Mme [F] [P], qui succombe à la cause, sera condamnée aux dépens de la présente instance, conformément à l’article 696 du code de procédure civile.
L’équité commande par ailleurs de faire droit à hauteur de 500 euros à la demande de la société B2B concernant les frais non compris dans les dépens, en application des dispositions précitées.

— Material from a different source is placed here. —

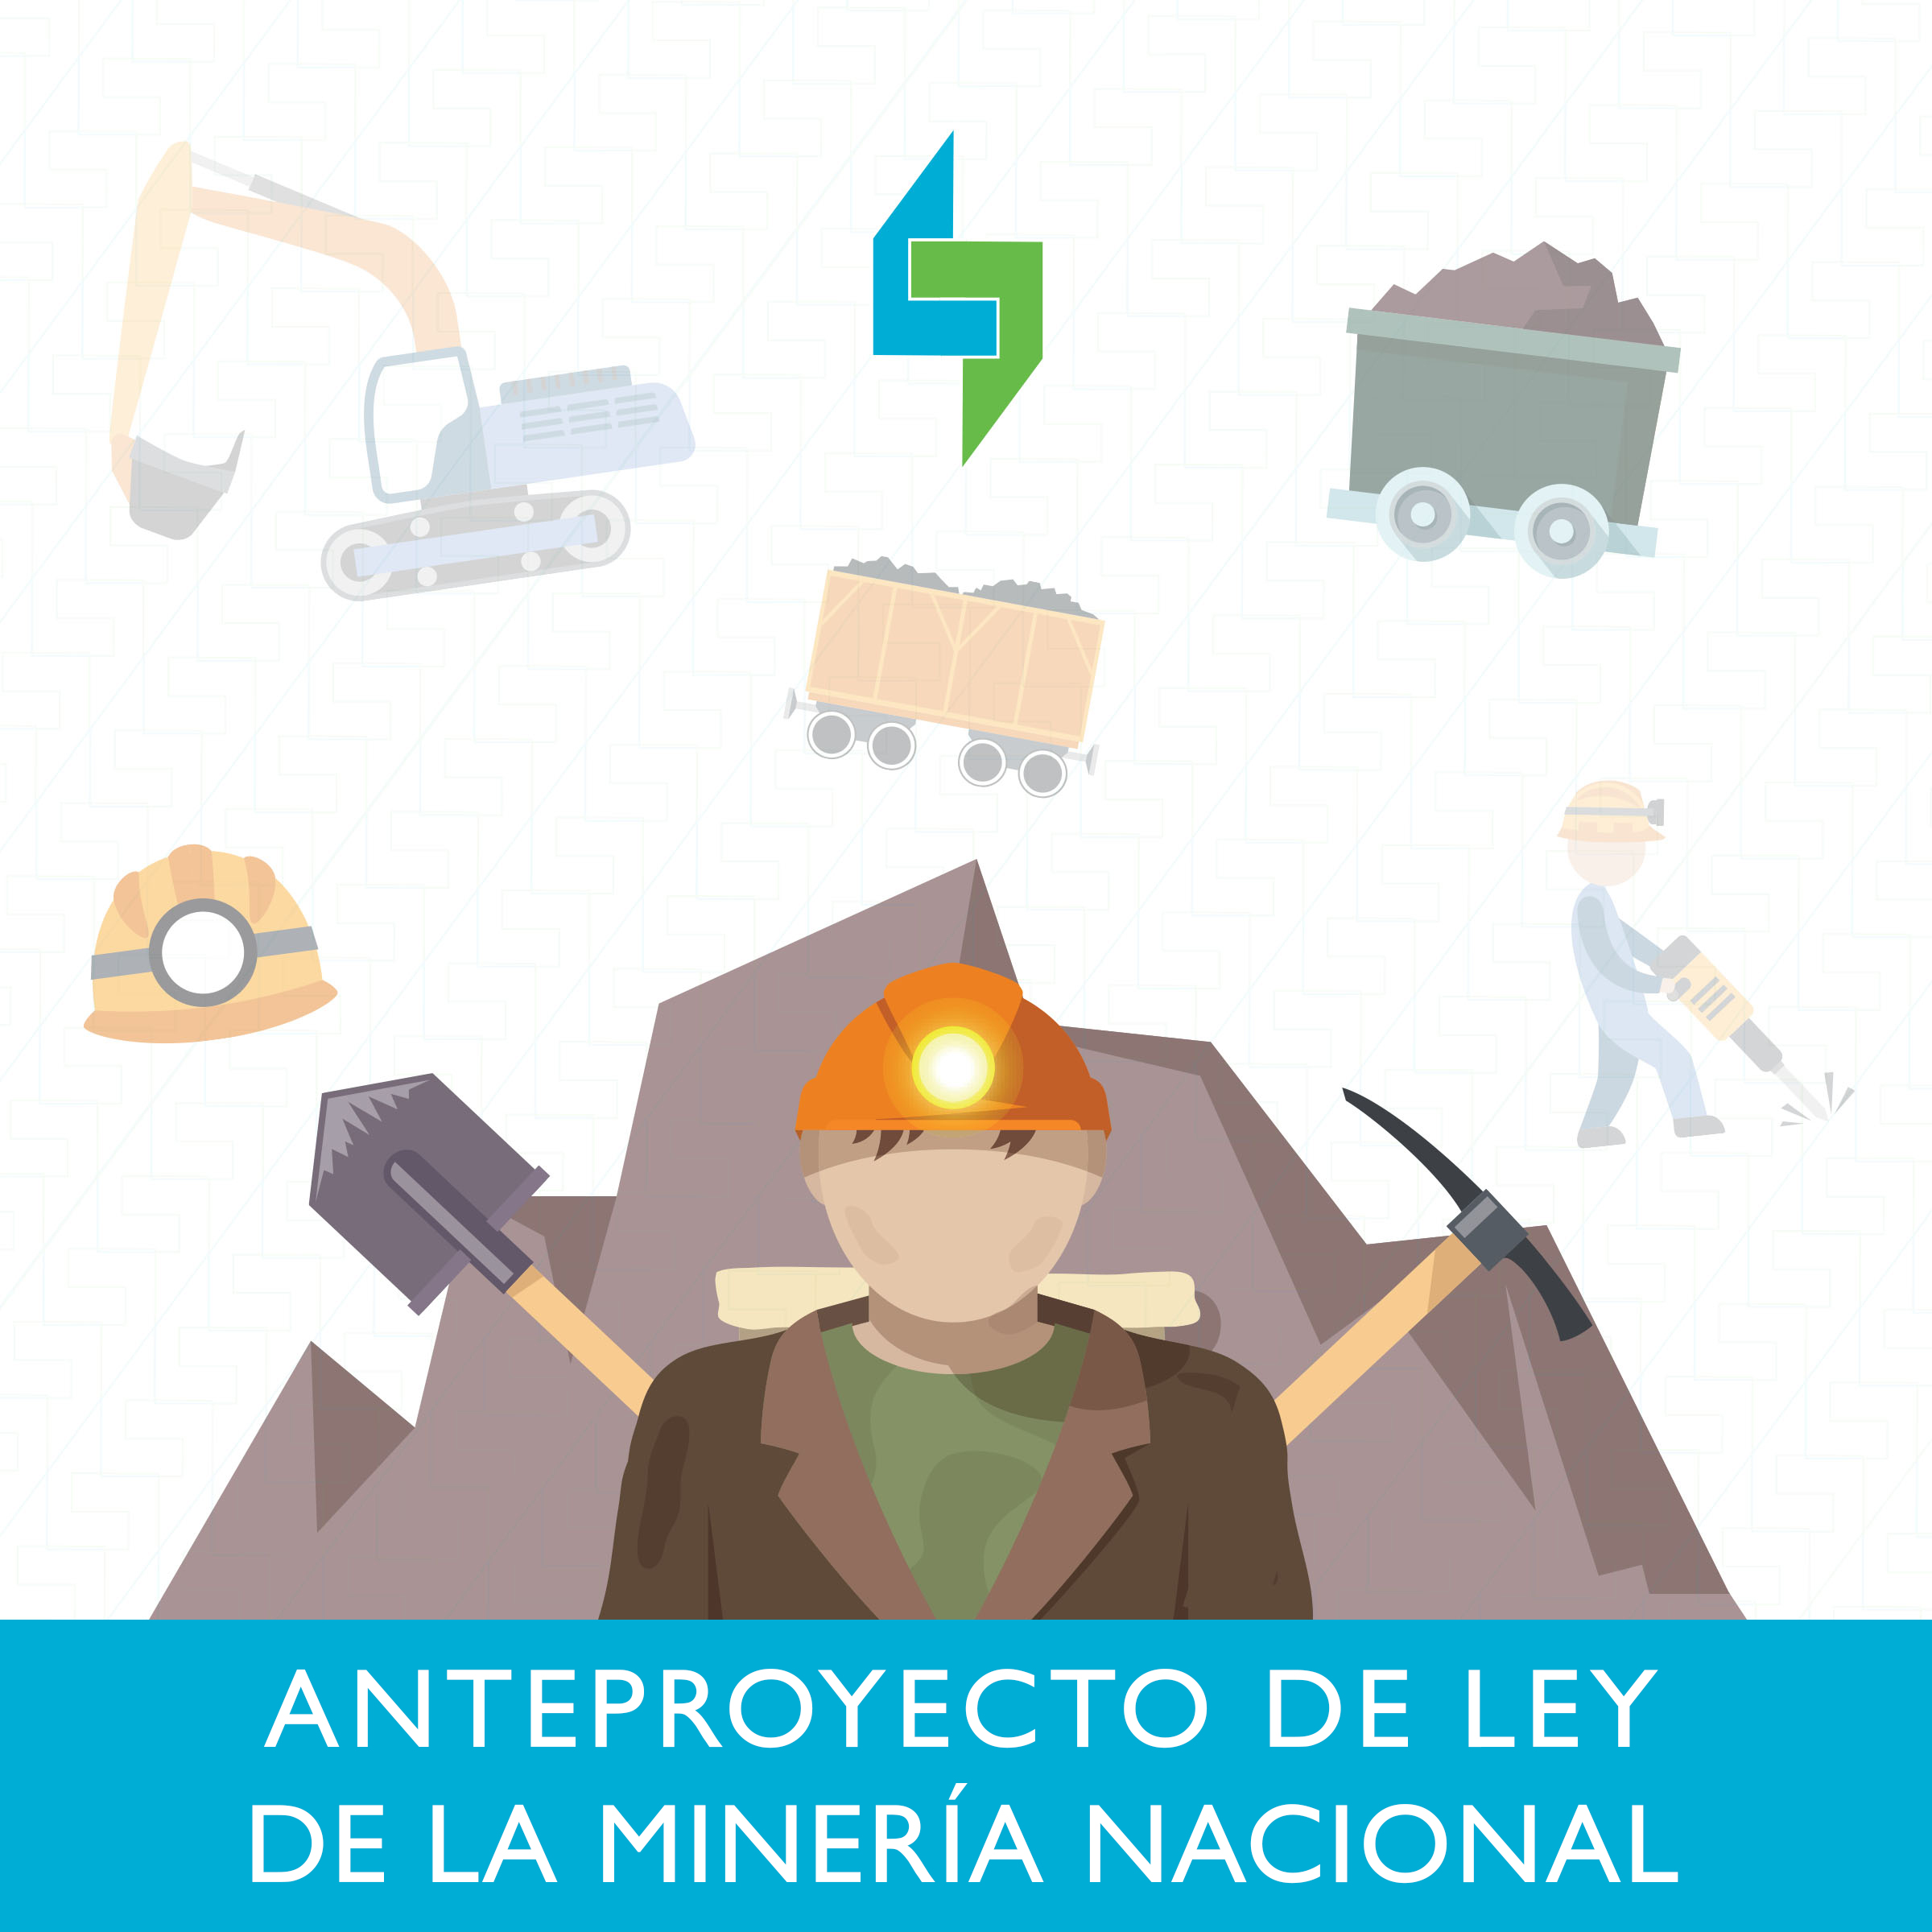 Anteproyecto de ley minera nacional
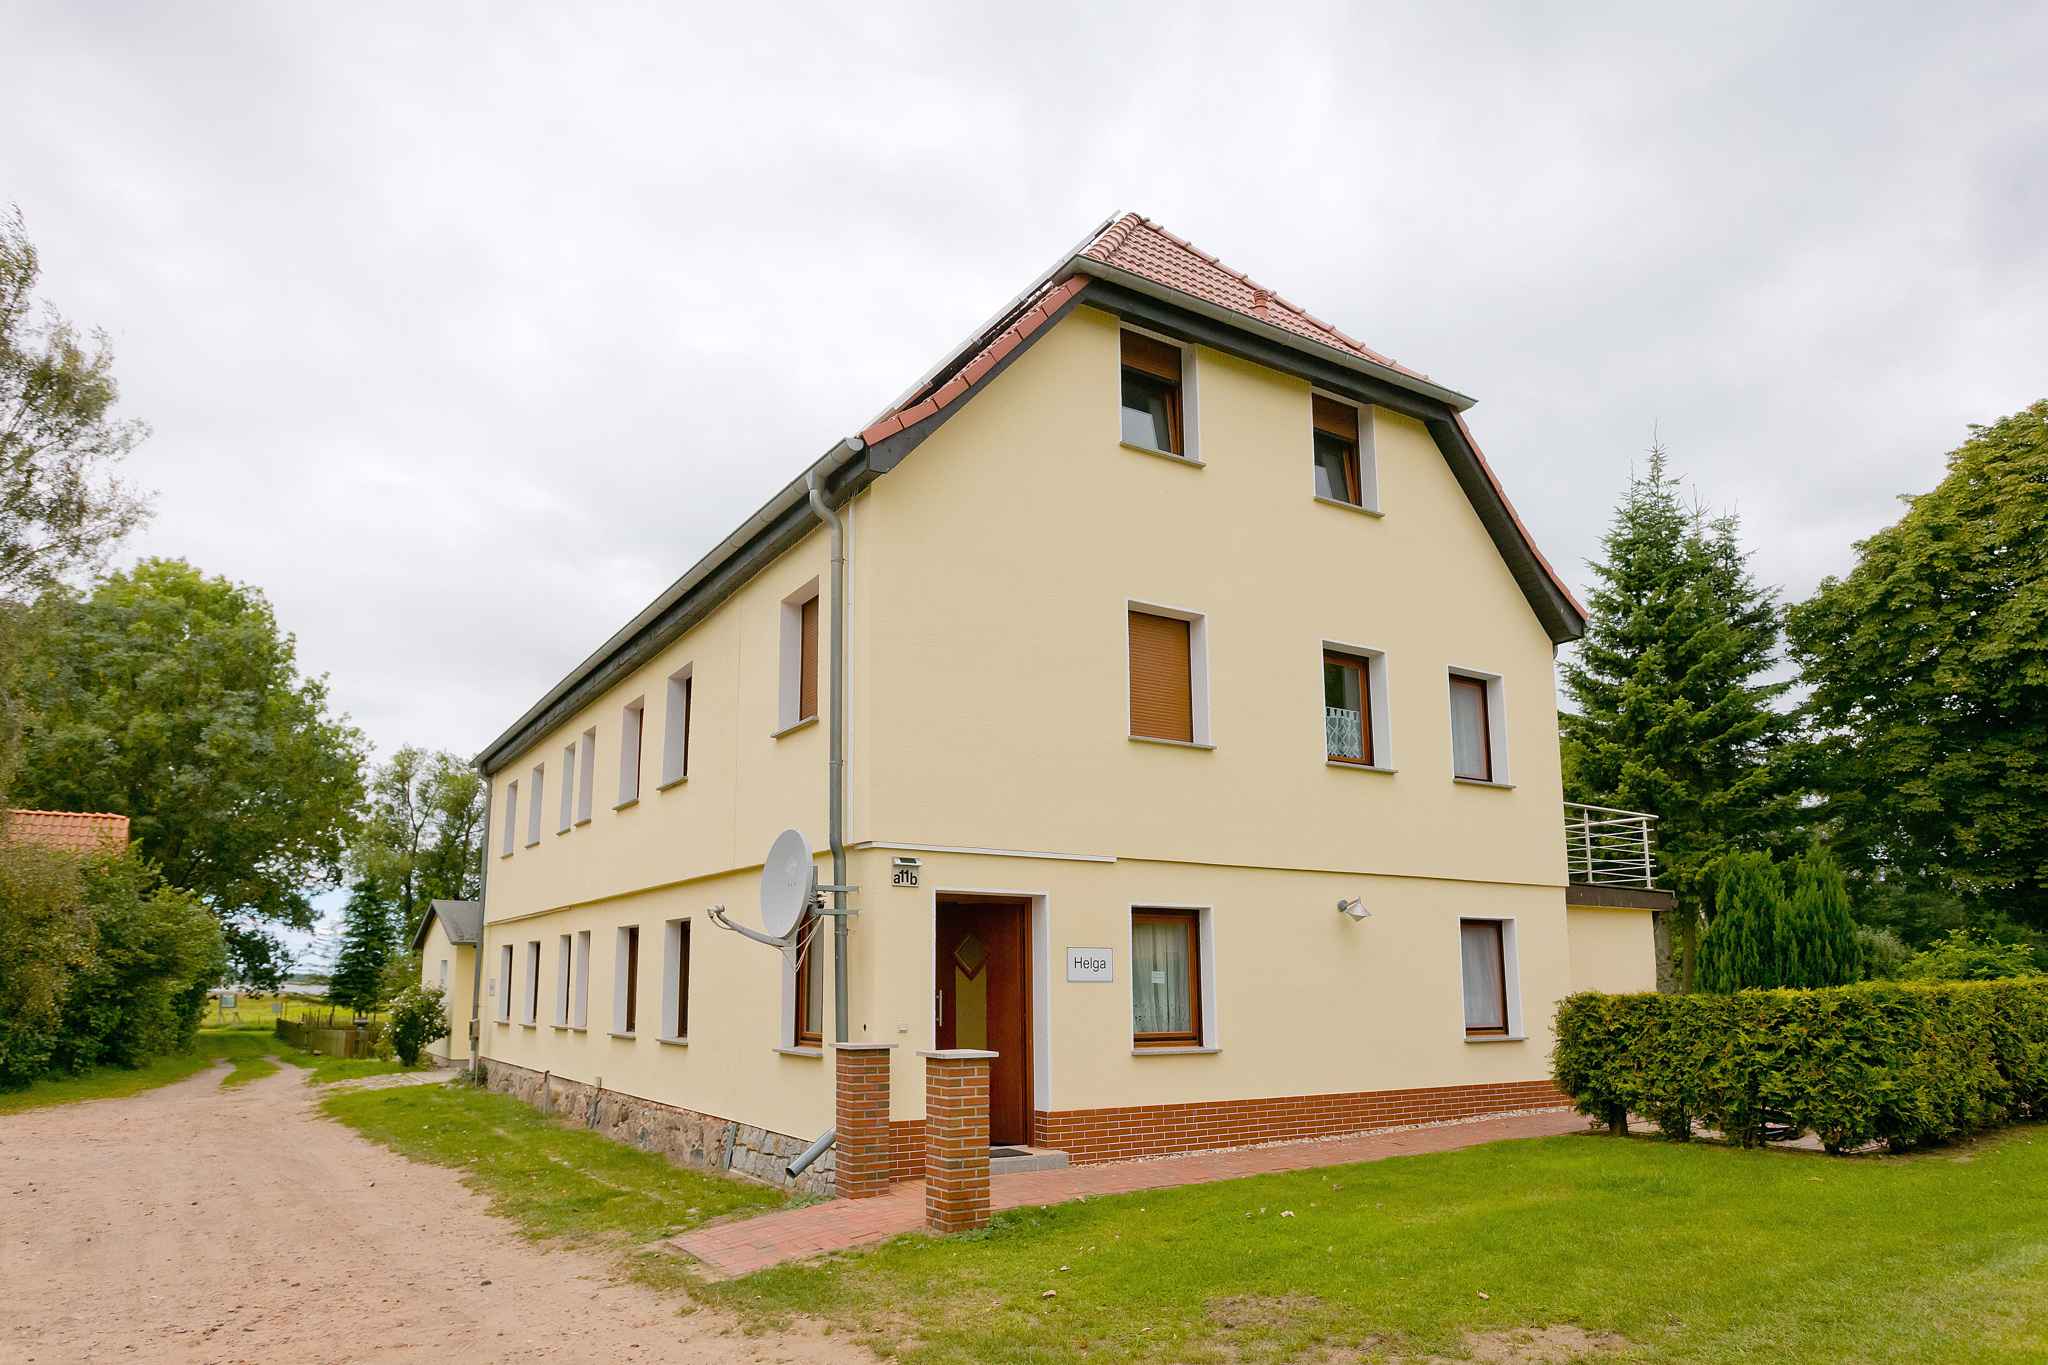 Bungalow mit Seeblick Ferienhaus in Mecklenburg Vorpommern

Selon l’article 514 du code de procédure civile, les décisions de première instance sont de droit exécutoires à titre provisoire à moins que la loi ou la décision rendue n’en dispose autrement. Selon le dernier alinéa de l’article 514-1 du même code, le juge ne peut toutefois pas écarter l’exécution provisoire de droit lorsqu’il statue en référé. La présente ordonnance sera donc assortie de l’exécution provisoire.
PAR CES MOTIFS,
Le juge des contentieux de la protection, statuant après débats publics, par ordonnance mise à disposition au greffe, contradictoire et en premier ressort,
DIT n’y avoir lieu à renvoyer au fond les parties,
CONSTATE que la dette locative visée dans le commandement de payer du 22 avril 2025 n’a pas été réglée dans le délai de deux mois,
CONSTATE, en conséquence, que le contrat conclu le 12 août 2020 entre la société B2B, d’une part, et Mme [F] [P], d’autre part, concernant les locaux situés au [Adresse 3] à [Localité 3] est résilié depuis le 23 juin 2025,
DIT n’y avoir lieu d’octroyer des délais de paiement à Mme [F] [P], sans préjudice des délais qui pourraient lui être accordés dans le cadre d’une procédure de surendettement,
ORDONNE à Mme [F] [P] de libérer de sa personne, de ses biens, ainsi que de tous occupants de son chef, les lieux situés au [Adresse 3] à [Localité 3] ainsi que, le cas échéant, tous les lieux loués accessoirement au logement,
DIT qu’à défaut de libération volontaire, il pourra être procédé à son expulsion et à celle de tous occupants de son chef avec l’assistance de la force publique,
DIT que le sort des meubles sera régi conformément aux dispositions des articles L. 433-1 et L. 433-2 du code des procédures civiles d’exécution,
RAPPELLE que l’expulsion ne pourra avoir lieu qu’hors période hivernale et à l’expiration d’un délai de deux mois suivant la délivrance d’un commandement d’avoir à libérer les lieux,
REJETTE la demande d’octroi de délai pour quitter les lieux formée par Mme [F] [P],
CONDAMNE Mme [F] [P] au paiement d’une indemnité d’occupation mensuelle égale au loyer et aux charges qui auraient été dus en cas de poursuite du bail, soit 688,20 euros par mois,
DIT que cette indemnité d’occupation, qui se substitue au loyer dès le 23 juin 2025, est payable dans les mêmes conditions que l’étaient le loyer et les charges, jusqu’à libération effective des lieux et remise des clés à la bailleresse ou à son mandataire,
CONDAMNE Mme [F] [P] à payer à la société B2B la somme de 13685,49 euros (treize mille six cent quatre-vingt-cinq euros et quarante-neuf centimes) à titre de provision sur l’arriéré locatif courus depuis le 1er juin 2024 et arrêté au 1er février 2026, mois de juin 2024 et février 2026 inclus, avec intérêts au taux légal à compter de la date de la présente décision,
REJETTE la demande de délai de paiement formée par Mme [F] [P],
RAPPELLE que la présente ordonnance est exécutoire de droit à titre provisoire,
CONDAMNE Mme [F] [P] à payer à la société B2B la somme de 500 euros (cinq cents euros) au titre de l’article 700 du code de procédure civile,
CONDAMNE Mme [F] [P] aux dépens comprenant notamment le coût du commandement de payer du 22 avril 2025 et celui de l’assignation du 29 septembre 2025.
Ainsi jugé par mise à disposition au greffe le 24 avril 2026, et signé par le juge et le greffier susnommés.